The 02 is a compact 2.5-way floorstander with CD-sized mid/woofers. Those are made not of polycarbonate but ultra-stiff non-woven carbon-fiber skins around a Nomex core. Super-neodymium motors with massive copper not iron rings create high flux at low inductance. 1/100th of a gram transformer-less ribbon tweeters also with super-neodymium motor and run in dipole mode open the sky lights. Series crossovers handle signal splitting. Novel ports with pressure-control discs plus the drivers' low inductance create unusually linear impedance. That avoids the typically steep saddle response of a ported alignment with its related amplifier control and room-boom issues. Add built-in resonance control and a rakish enclosure with an ultra-narrow concave spine.
The upshot of low-mass well-vented drivers with super-strong motors in a very inert cabinet is high acceleration power with minimal to zero energy storage. That sums to extreme speed and resolution, hence high dynamic contrast and superior soundstaging precision. It resets typical performance limitations for this type/size speaker. It also costs accordingly but then, living large never comes cheap.

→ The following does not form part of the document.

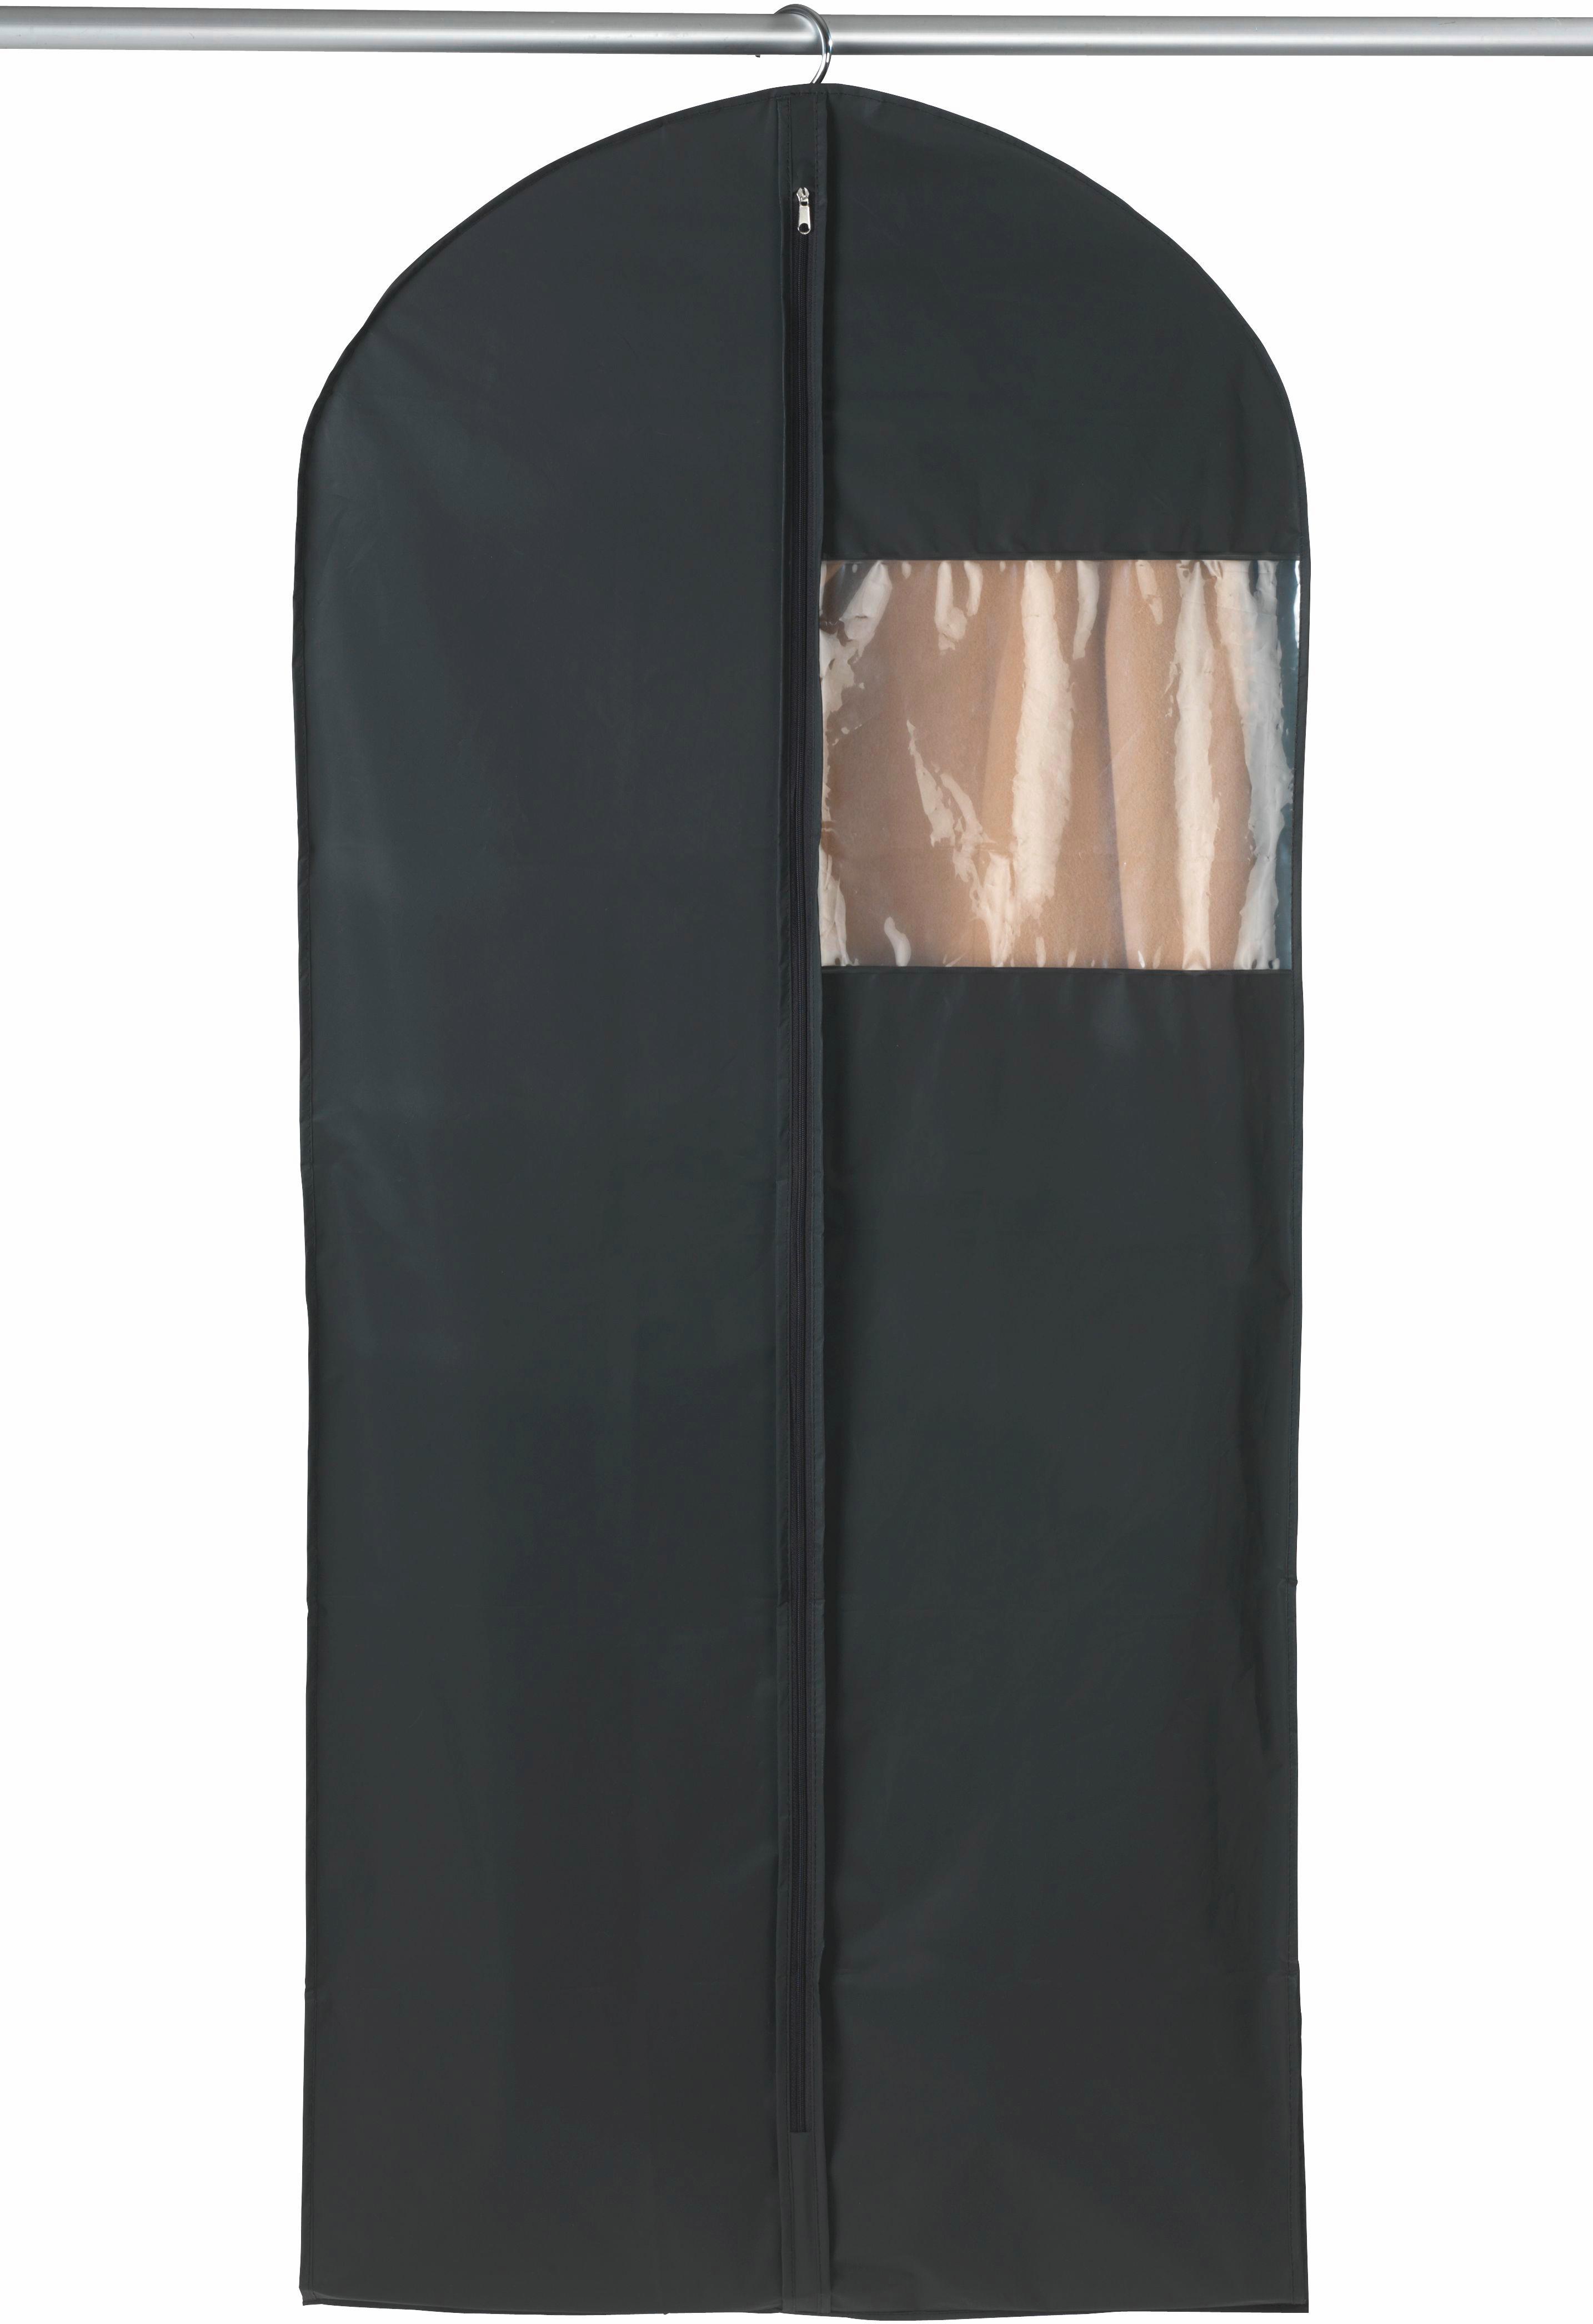 WENKO Kleiderschrank »Deep Black«, Maße (B x H x T): 75 x 160 x 50 cm  bequem kaufen

Camerton Binom 1. When Oleh Lizohub left Voxativ as chief engineer, he stayed in Berlin and revived his earlier brand Camerton—cyrillic for tuning fork—which he'd operated in the Ukraine from 1999 to 2011. His first speaker under that reborn marque is the Binom 1. It measures just 20 x 38.5 x 30cm HxWxD, features a single small flat driver with balsa wood and aluminium/beryllium alloy diaphragm plus inverted surround yet books a bandwidth of 35Hz – 28'000kHz.
Unless heard, in person and comprehensively, such a constellation of attributes seems impossible. It simply signals fake news all around. Once heard, impossible turns to outrageous but still true. Suddenly the big quarter-wave or rear-horn enclosures of the 8-10" widerbander club find themselves a thing of the unnecessary past because this compact accomplishes the same with so much less. Using a complex rear-ported enclosure torqued under permanent tension then encased in true piano-gloss lacquer for a hard external skin, the involved tech and R&D again don't come cheap but the sonic results compete squarely against equal-to-higher priced but a lot bigger competitors from Cube and Voxativ. And that stands out from the pack.
Merrill Audio Element 114. Stand out this year also did Merrill Wettasinghe's no-feedback 200wpc stereo power amp. It combines rapidly switching gallium nitride aka GaN output transistors with a custom LLC-resonant switching power supply. Having previously marketed amplifiers based on tweaked Ncore and Hypex OEM boards, i.e. high-feedback modules with cheaper parts intended to also serve the mass market, with the Element range Merrill point the other way. These are cost-no-issue models focused on class D not for the usual reasons of high energy efficiency and maximum power-to-cost ratio but purely, for cutting-edge performance.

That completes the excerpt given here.